Generally speaking, Ballard considered Encardi an insightful, practical, and dedicated pup, and liked having him around as the personification of his wife's weltanshauung. Still, he was occasionally bothered by the fact that the aide boasted a profusion of hair to rival a Hungarian puli, while only a miracle of artful combing concealed his own advancing, Rogaine-resistant baldness.
He also became annoyed when Encardi borrowed his wife's verbal tics, such as following every Presidential statement with a "You think so?" and beginning his replies with a pedagogic "Quite frankly," or "From my standpoint," both hearkening back to Mrs. Ballard's decades-long career as a college teacher. These were the sort of things that would make borderline days turn bad, and bad days a little worse, except when the gorgeous weather and the sound of the breeze rustling through Ballard's favorite tree made everything under God's blue sky appreciably better.
"Stu, let me give you some instant perspective," Ballard said. "Two days from now I'll be signing the crypto legislation while Roger Gordian makes a fuss down the Hill. Two months from now everyone will have forgotten all about it, and think Morrison-Fiore is the name of some Vegas animal-training act. But in the interim I'll have closed a deal that establishes the guidelines for America's security role in Asia over the next twenty years, and probably much longer. There's my posterity, or a decent chunk of it. We just have to make sure people notice."
Encardi regarded him in the light shade of the tree as the wind brushed through the drooping canopy overhead. There were gnats or something swirling around them. In fact, there were always bugs under this tree. For some reason he didn't quite get, they seemed particularly attracted to the vicinity of the goddamned willow.
He swished a squadron of tiny winged harriers away from his face, convinced he would be a much happier man if just once the POTUS would elect to stroll under a dogwood, elm, or alder while seeking to restore his inner calm.
"I'm thinking we need to make sure Nordstrum from the New York Times is given the red-carpet treatment," he said.
"And / thought we were already doing that," the President said.
"Well, we are, but we can always roll out more rug," Encardi said. "Nordstrum's the biggest proponent of our Asia-Pacific policy in the national media. Why not assist him in gaining interviews with the Japanese Prime Minister, as well as the Malaysian and Indonesian heads of state? Invite him to the dinner you'll be having aboard the Seawolf? Anything to give him a steady stream of material to write about."

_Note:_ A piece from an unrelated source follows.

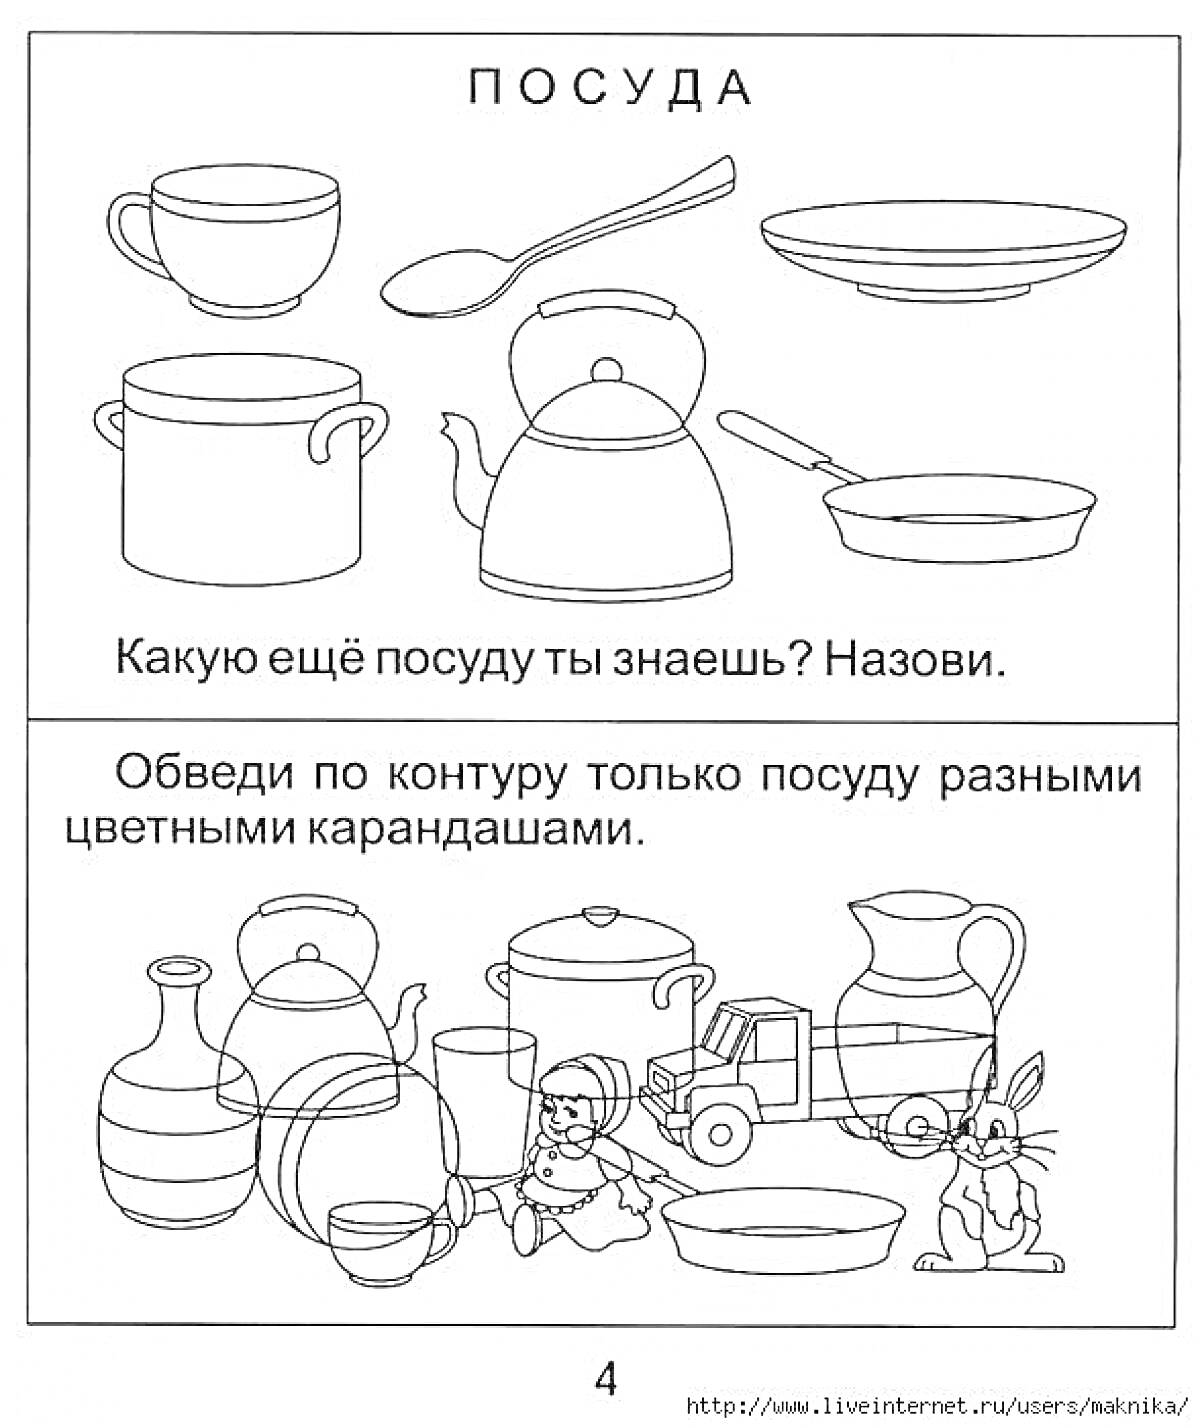 Назовите посуду. Обведение посуды. На изображении: чашка, ложка, тарелка, кастрюля, чайник, миска, ваза, чайник, кувшин, миска, игрушка-головоломка, кукла, грузовик.

Ballard stretched broadly and inhaled the fragrant air of the White House grounds, sunlight striping his face as it filtered through the long bushy willow leaves.
"Ahhhhh, I'm feeling almost relaxed," he said. "Isn't it a spectacular morning?"

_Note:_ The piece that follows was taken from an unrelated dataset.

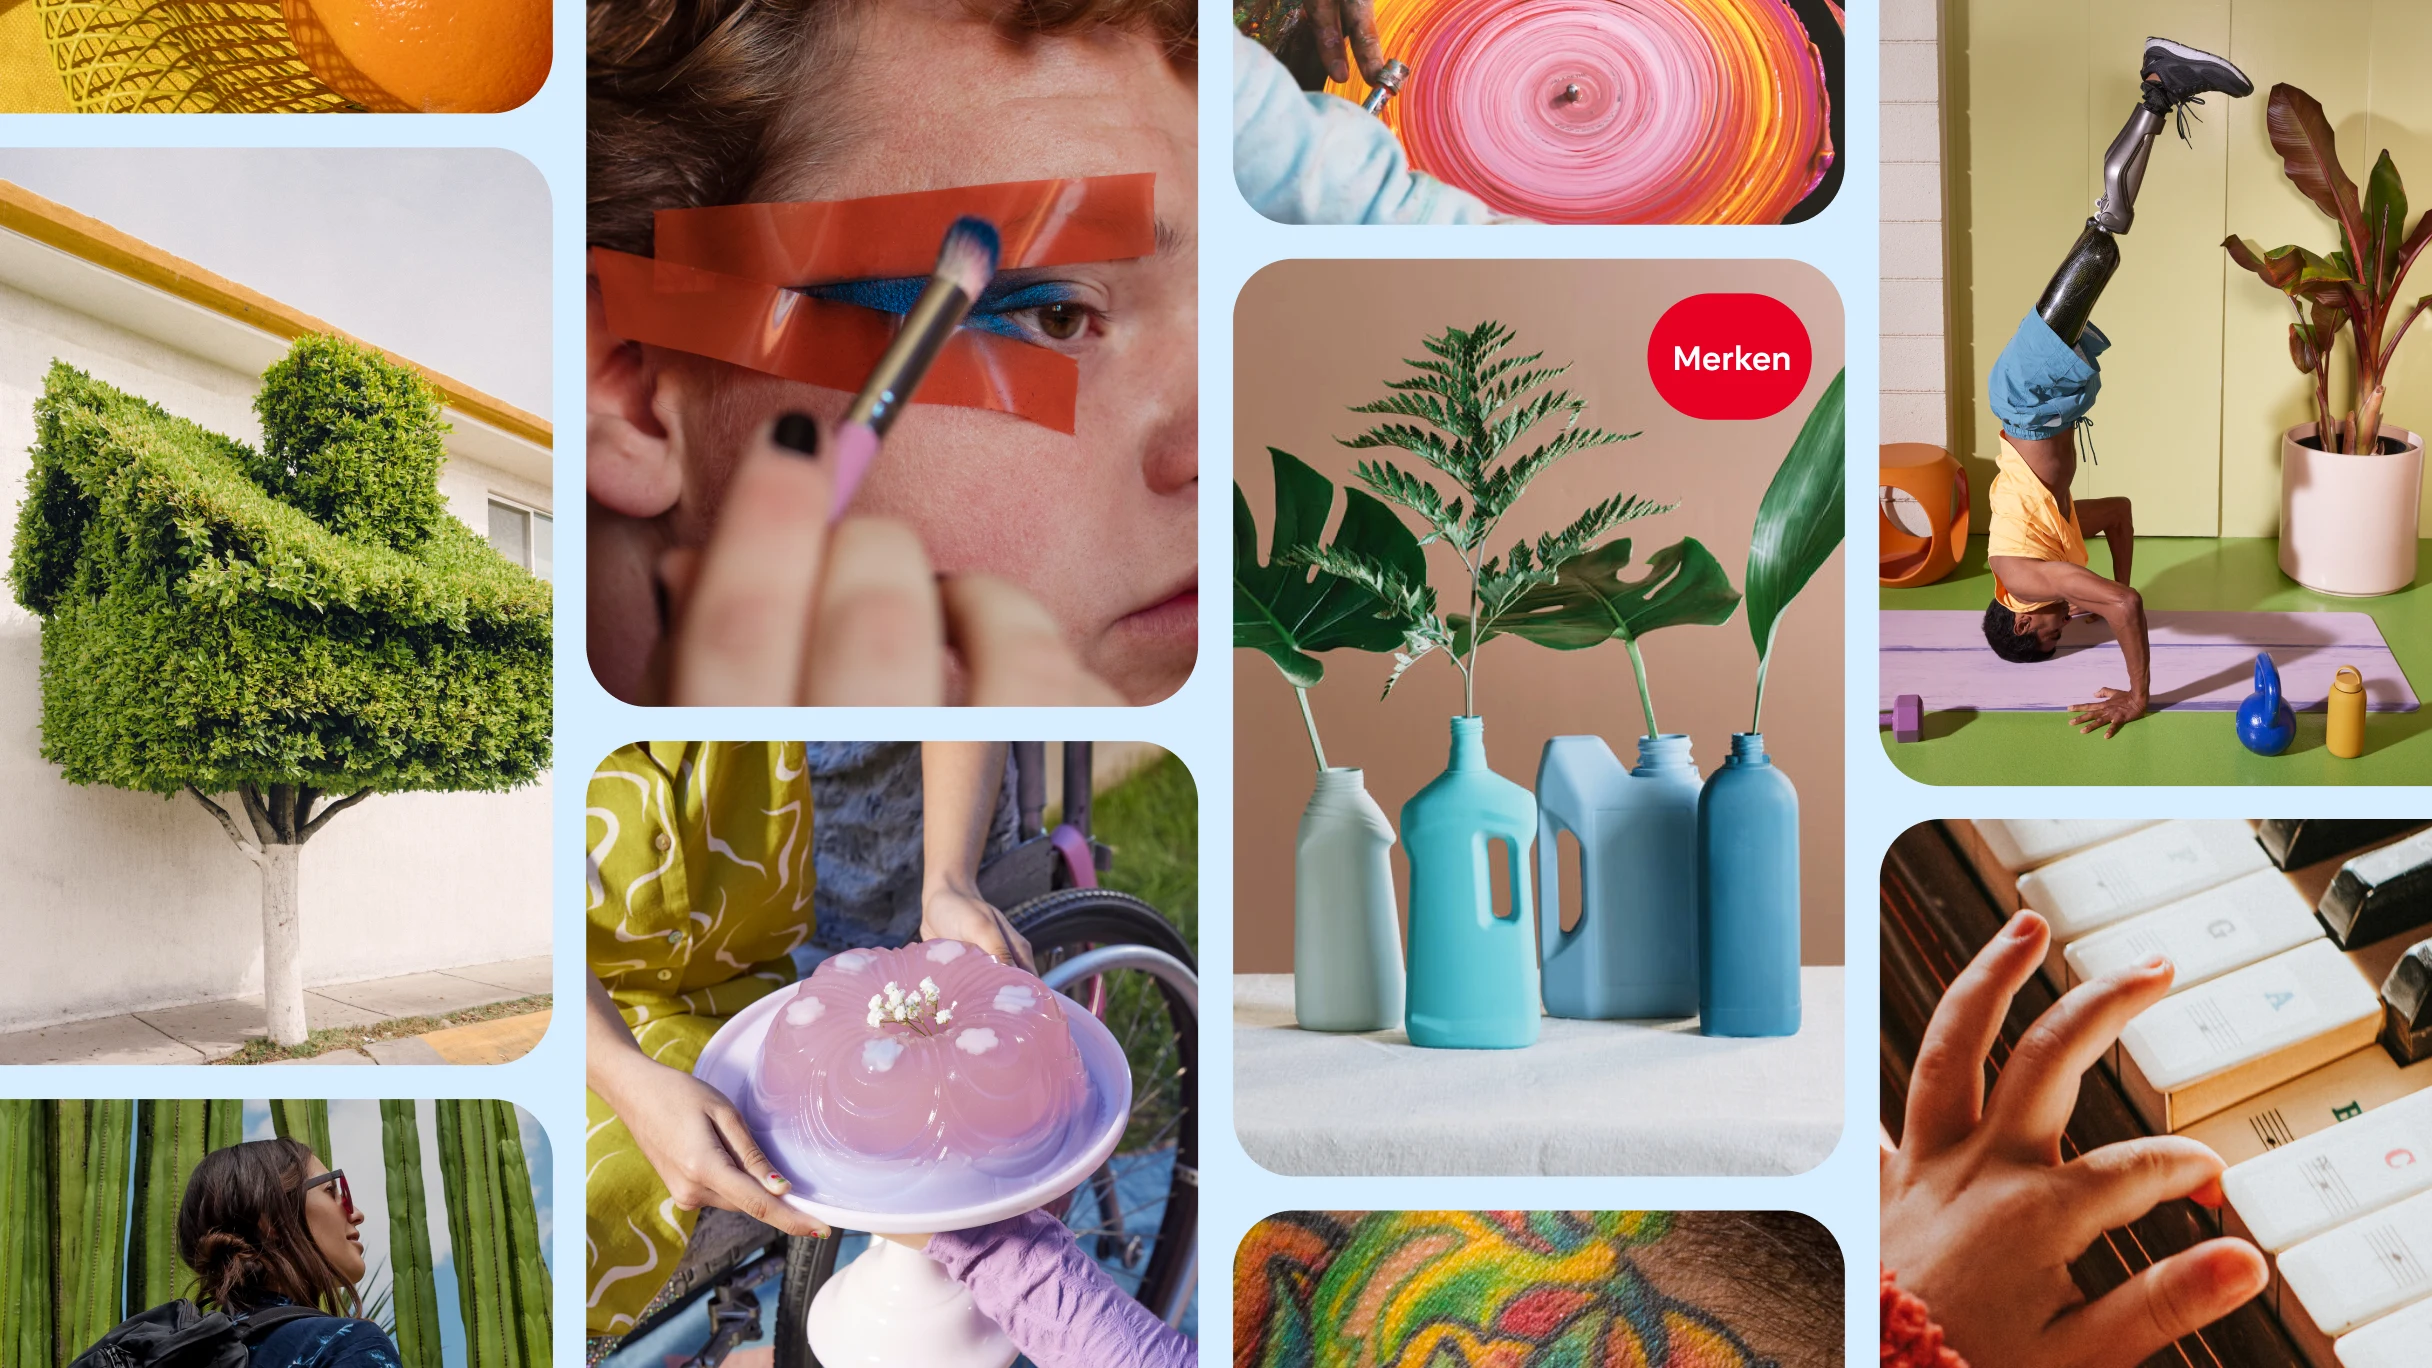  Ein Pinterest-Homefeed mit einer Person, die Make-up aufträgt, grünen Pflanzen in Vasen, einer Person mit Beinprothese im Handstand und mehr.

"Spectacular," Encardi said listlessly, swatting away an insect.
Ballard looked at him.
"Your idea about Nordstrum sounds fine to me, but only for starters," he said, his brow creasing in thought. "You know, now that you mention him, it's kind of odd Roger Gordian hasn't convinced Nordstrum to write more about the encryption issue in his columns. He's a paid consultant for UpLink International, did you know?"